Stored data:
--- START ---

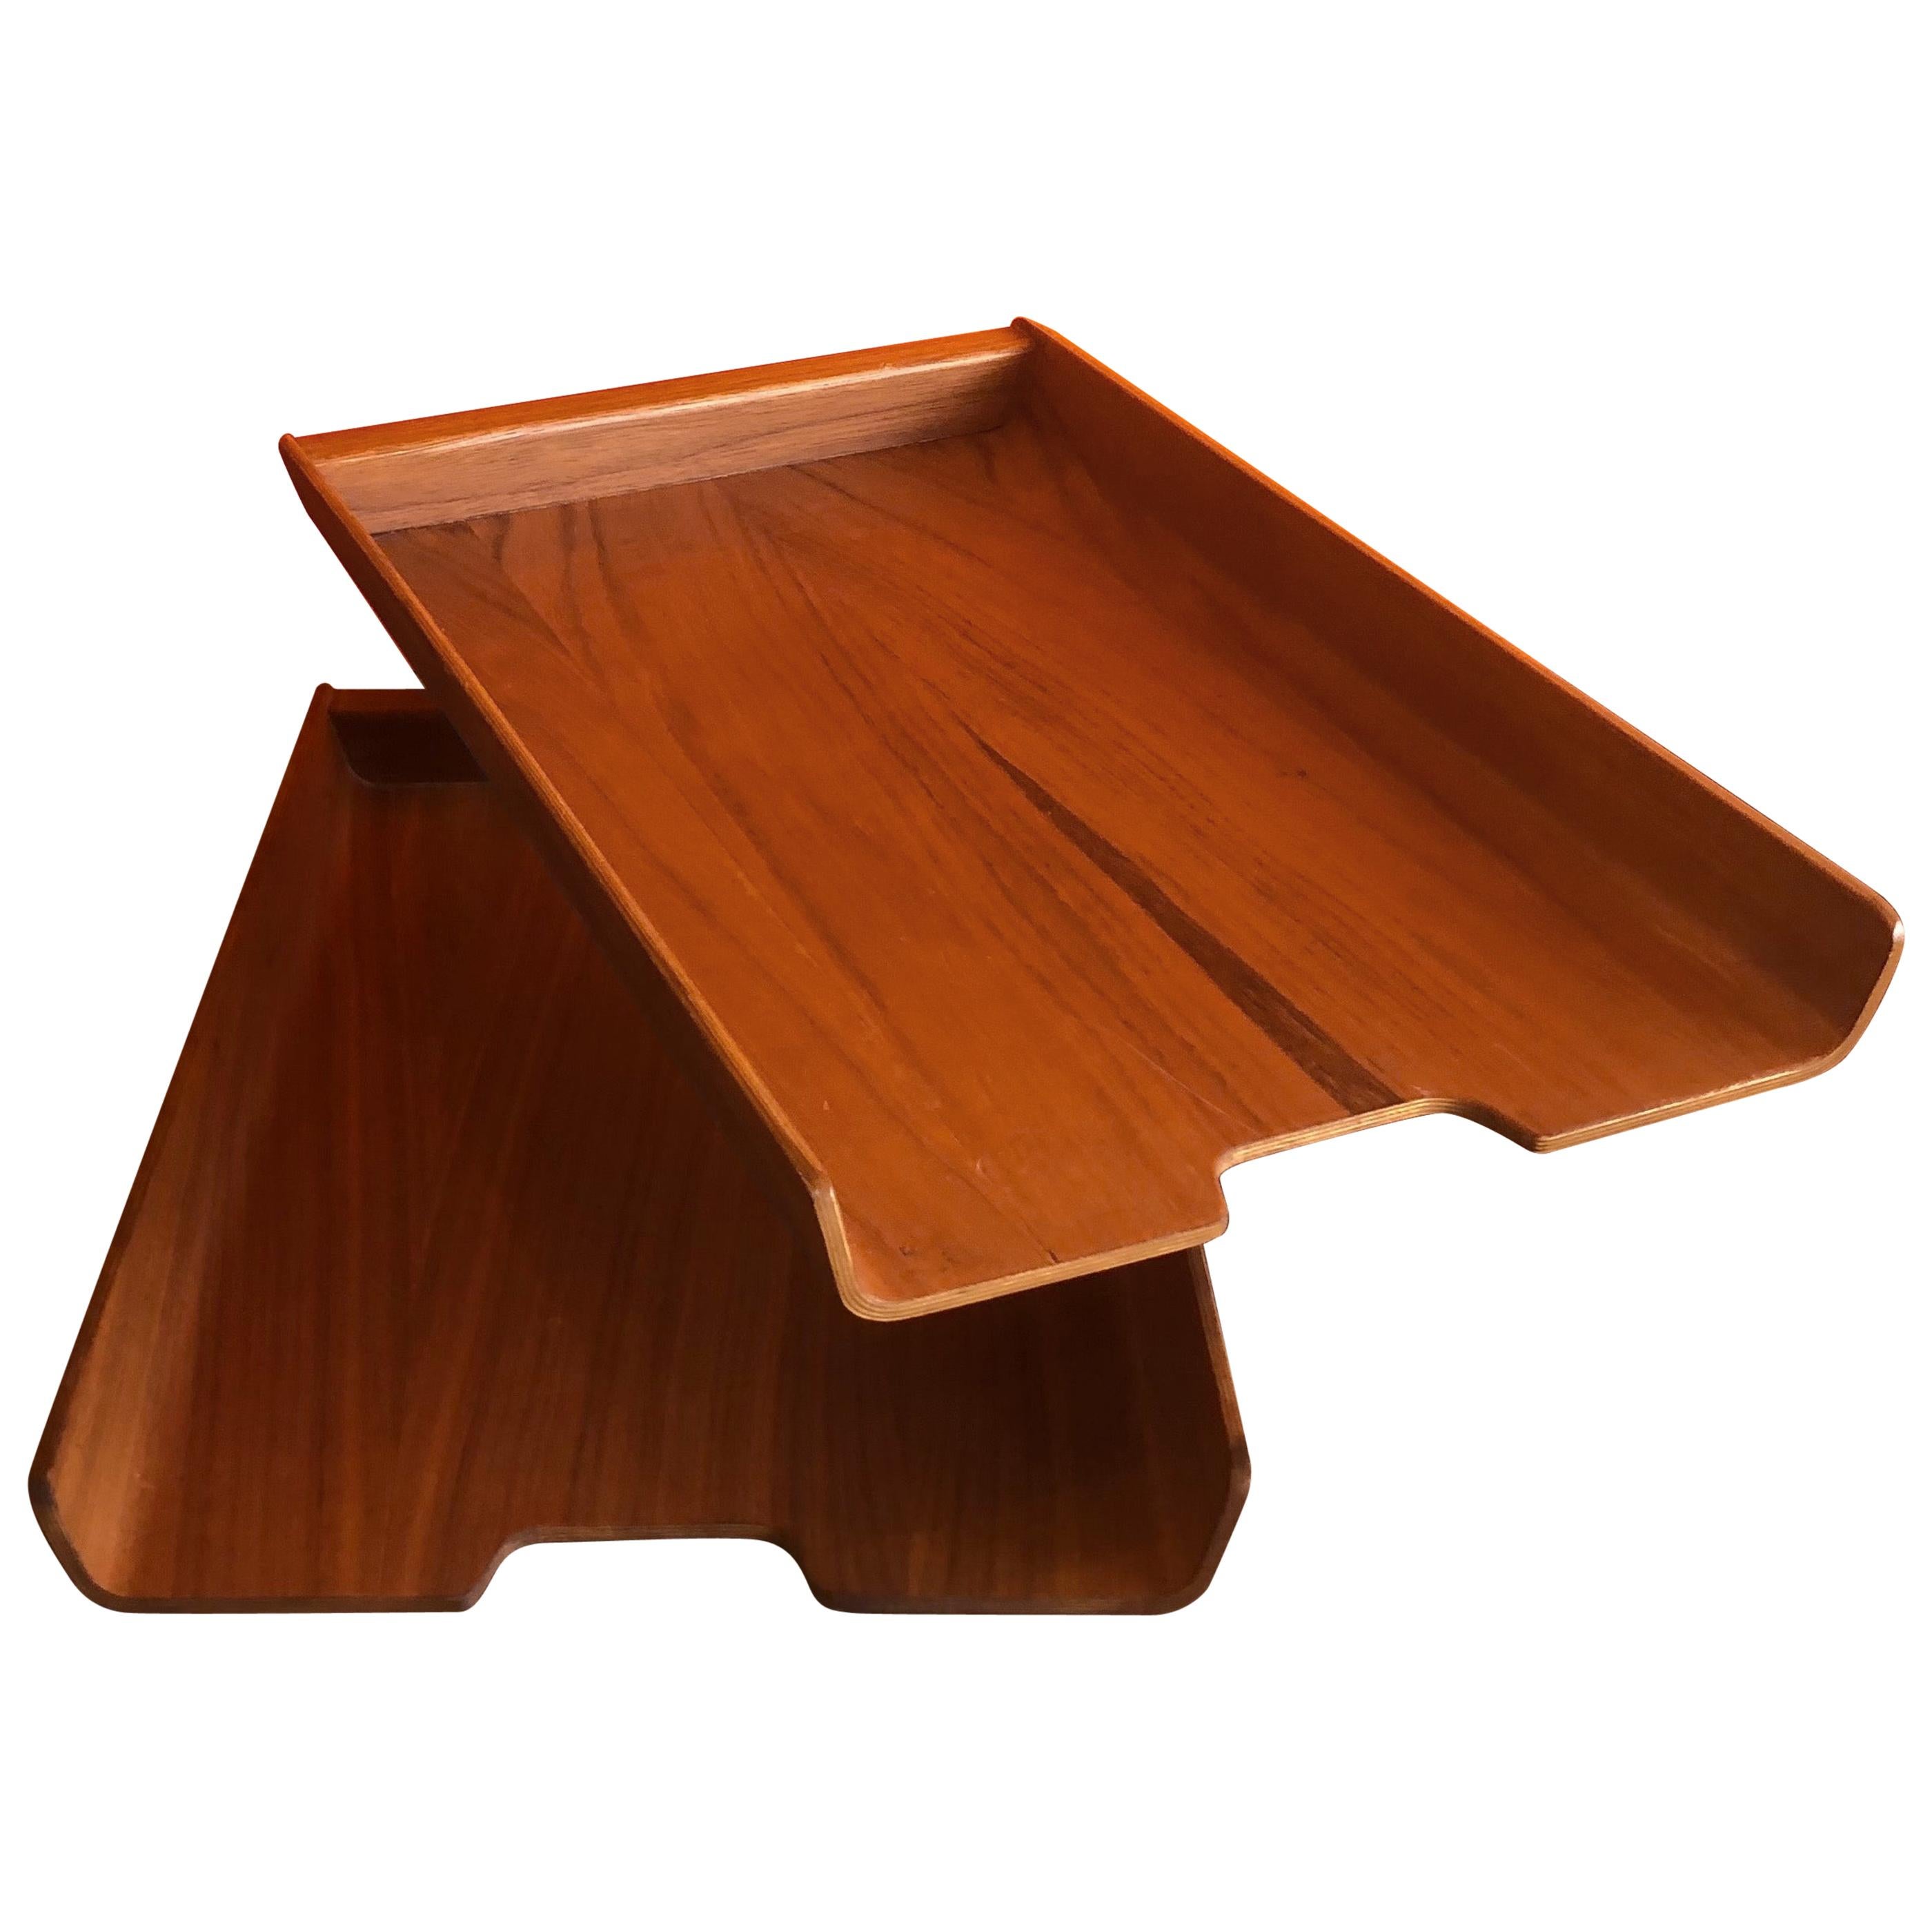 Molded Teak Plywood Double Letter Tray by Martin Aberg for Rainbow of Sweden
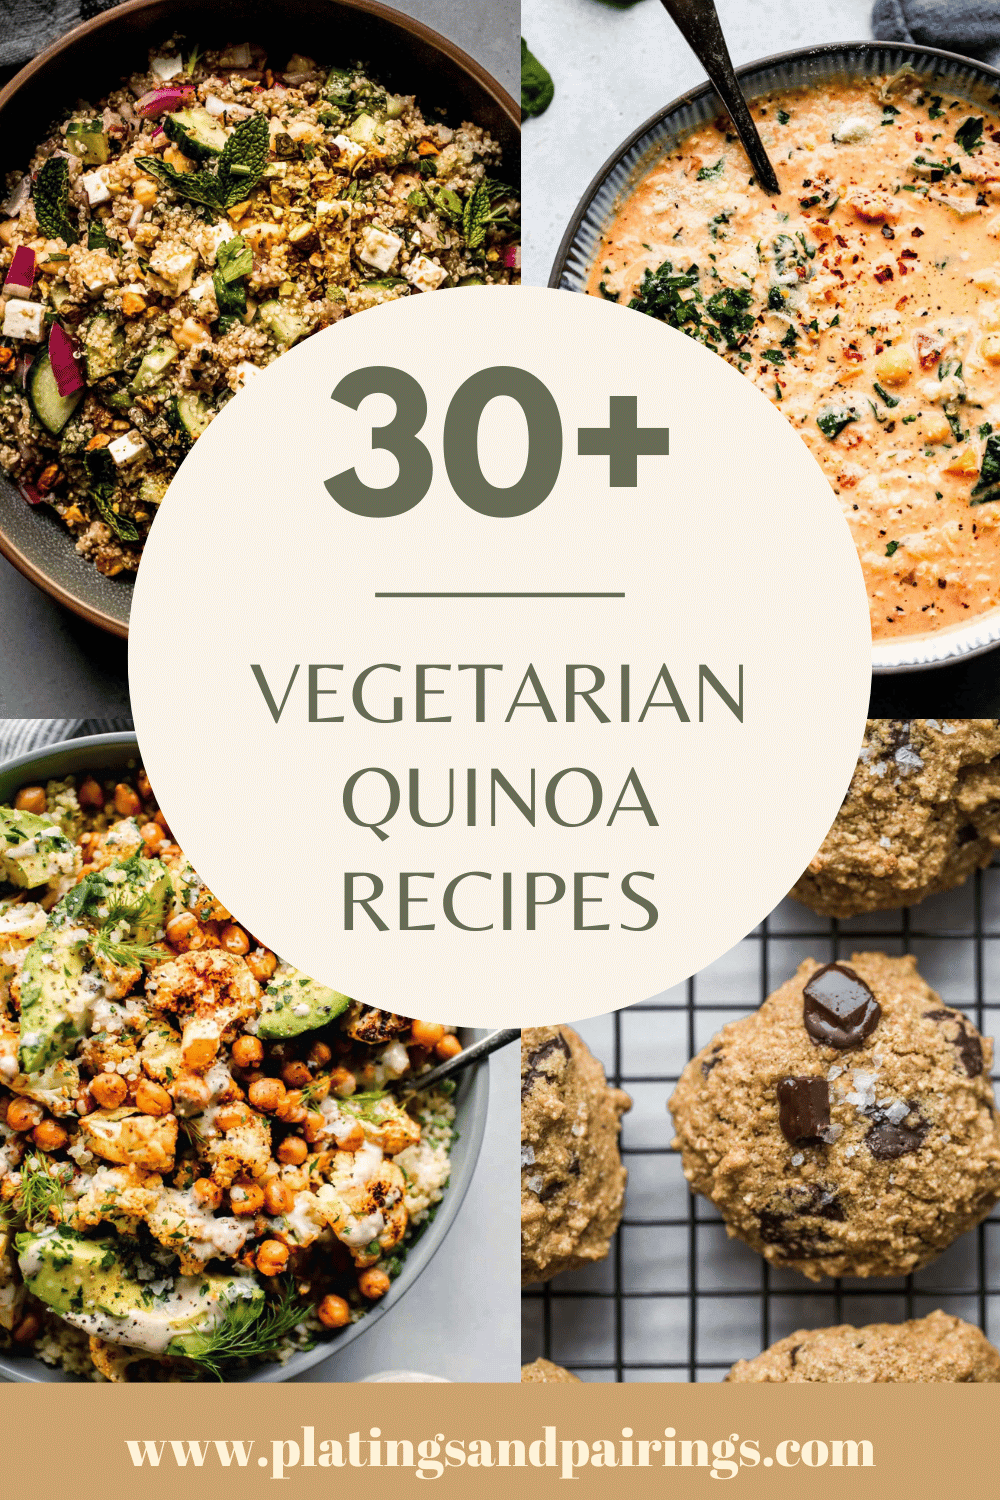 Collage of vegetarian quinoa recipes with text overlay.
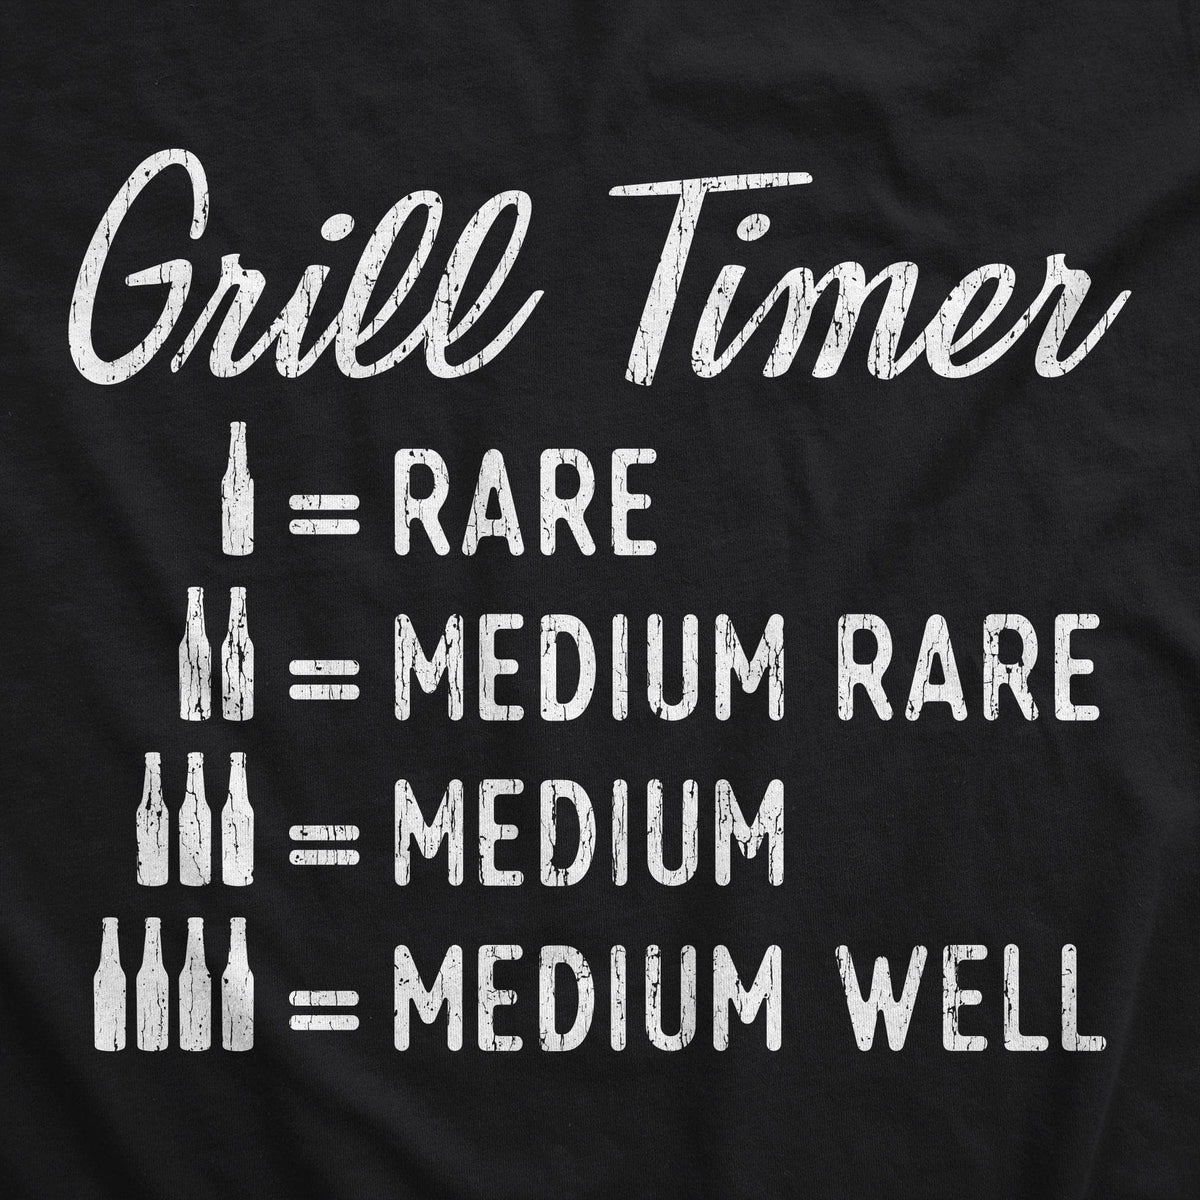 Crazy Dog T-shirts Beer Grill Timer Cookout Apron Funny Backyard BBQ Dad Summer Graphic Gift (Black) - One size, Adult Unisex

--- END ---

Exercise requirements:
A verbatim copy of the material is needed; pictures are not to appear in it.

Answer:
 Molded Teak Plywood Double Letter Tray by Martin Aberg for Rainbow of Sweden
 Collage of vegetarian quinoa recipes with text overlay.
 Crazy Dog T-shirts Beer Grill Timer Cookout Apron Funny Backyard BBQ Dad Summer Graphic Gift (Black) - One size, Adult Unisex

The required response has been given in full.